"California Dreamin", c'est la chanson de The mamas and the papas qu'utilise Andrei, l'amoureux transi de Monica, pour lui apprendre l'anglais, sésame indispensable afin de se faire comprendre des soldats US échoués à Capaltina et de sortir de ce trou perdu dans un repli de la carte de la Roumanie. Car, étrangement, en 1999, dans le lycée de la ville, on apprend l'espagnol.
La Californie, c'est aussi le lieu de fabrication marqué sur l'ailette de la bombe tombée en 1944 dans la cage d'escalier et qui arrête sa course folle au terme d'une scène d'ouverture époustoufflante juste devant un petit garçon qui deviendra un des protagonistes principaux de cette fable balkanique. Cette première scène rappelle qu'à la fin de la seconde guerre mondiale, les Américains bombardaient déjà la région au nom de la liberté, et la transition avec le moment de la narration, cette année 1999 où les forces de l'OTAN pilonnaient la Serbie coupable de purification ethnique au Kosovo, se fait grâce à la radio qui rapporte dans les mêmes termes les activités aériennes américaines.
Malheureusement, les qualités contenues dans ce flash back inaugural (alternance nerveuse de plans d'échelles différentes, rythme accéléré du montage) ne se retrouvent pas dans les 2 h 30 restantes, bien au contraire.
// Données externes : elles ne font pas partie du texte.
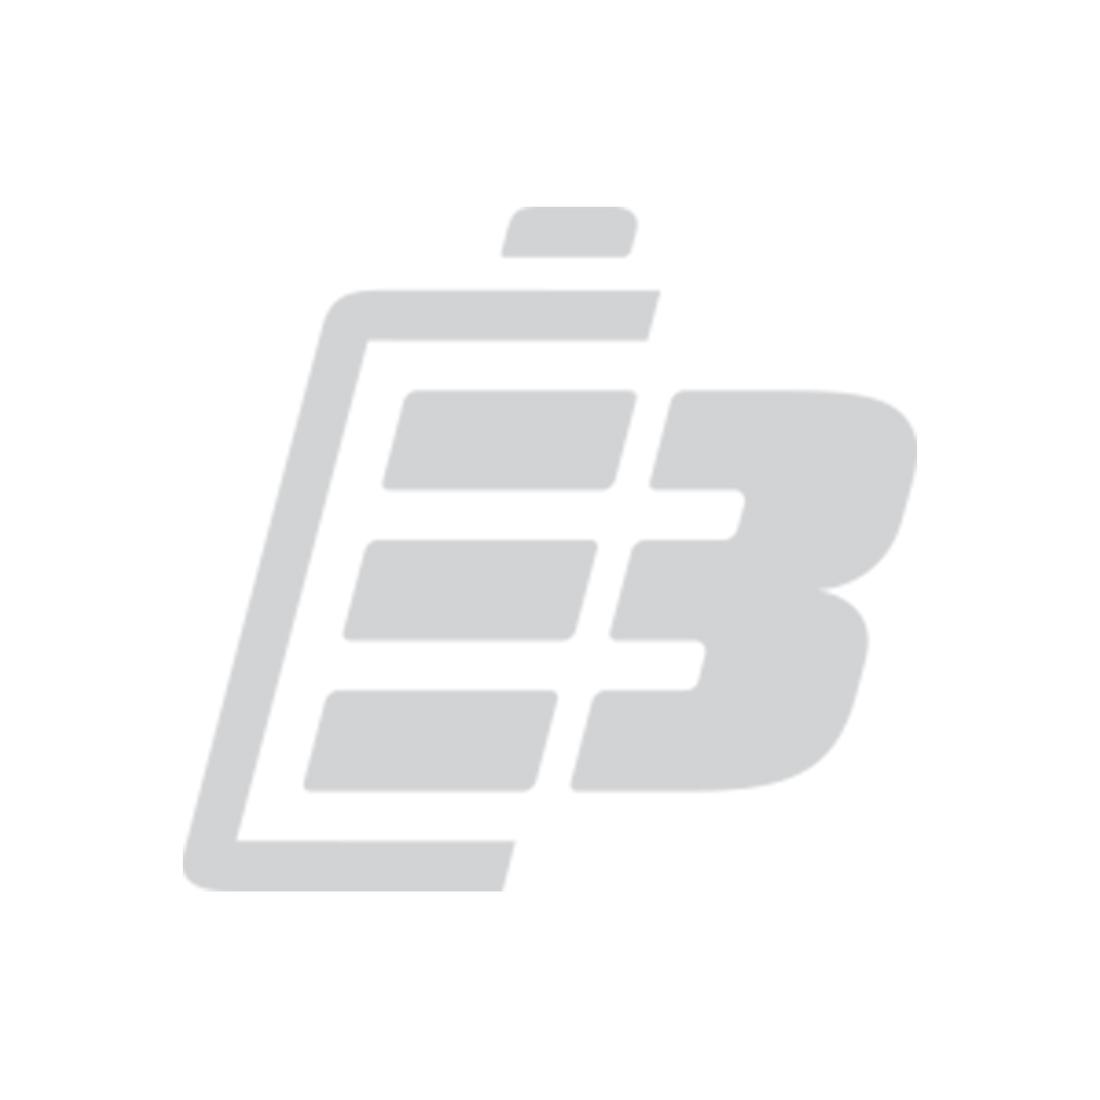 Laptop Adapter for Acer 19V 45W_1

Comme de nombreux réalisateurs des quatre coins du monde (de Paul Greengrass à Isild Le Besco), Cristian Nemescu pense que la caméra portée tressautante (y compris pour les plans fixes !) suffit à donner une impression de vérité documentaire, oubliant que ce qui compte, c'est ce qu'on met dans le cadre, et l'importance pour rendre le point de vue adopté du choix des cadrages et de leur liaison au montage.
Il est toujours difficile de filmer l'ennui sans tomber dedans, et Cristian Nemescu n'échappe pas à cette contradiction. Il peine à éviter la répétition, et la progression poussive du récit ressemble à celle du train bloqué en rase campagne, d'autant que le scénario multiplie les intrigues secondaires : le conflit social, les trafics de Doiaru, l'antagonisme entre celui-ci et le maire, les tensions entre le capitaine Jones et son sergent qu'il soupçonne de l'espionner, et les diverses amourettes. Comme en plus, de nombreuses scènes sont construites sur l'incompréhensions entre les Américains et leurs hôtes, chaque réplique est traduite soit en anglais, soit en roumain, allongeant encore plus un récit s'étire.
Certaines scènes semblaient annoncer un "Chat noir, Chat blanc" roumain, comme cette prise de contact entre le capitaine Jones et son officier de liaison interrompue par une fanfare jouant "The Star-Spangled Banner". Mais Nemescu ne possède ni le sens du rythme de Kusturica ni sa tendresse pour ses personnages, ici souvent cantonnés au rang de marionnettes caricaturales, comme le syndicaliste décrétant la grève spontanée, le maire (incarné par Ion Sapdaru, qui jouait le professeur dans "12 h 08 à l'est de Bucarest") emmenant les Américains voir un spectacle graveleux baptisé "Le Mystère Dracula", ou la midinette persuadée au bout de deux jours que son flirt avec un GI's se terminera par un mariage aux States.
Surnagent juste quelques scènes, parmi lesquelles l'apparition d'un sosie local d'Elvis, ou la leçon de cuisine du chef de gare qui explique au capitaine Jones dégustant son hachis que la viande est passée par le même traitement que celui que ses compatriotes font subir aux Yougoslaves. La critique est assez enthousiaste pour ce film. Est-ce une prime automatique accordée à toute production roumaine, après les excellents "La Mort de Dante Lazarescu", "12 h 08 à l'est de Bucarest" et "4 mois, 3 semaines, 2 jours" ? Ou est-ce une compassion post-mortem, un effet Gregory Lemarchal ? Preuve de la richesse et de la diversité de ce cinéma, il existe pourtant aussi des films roumains ratés.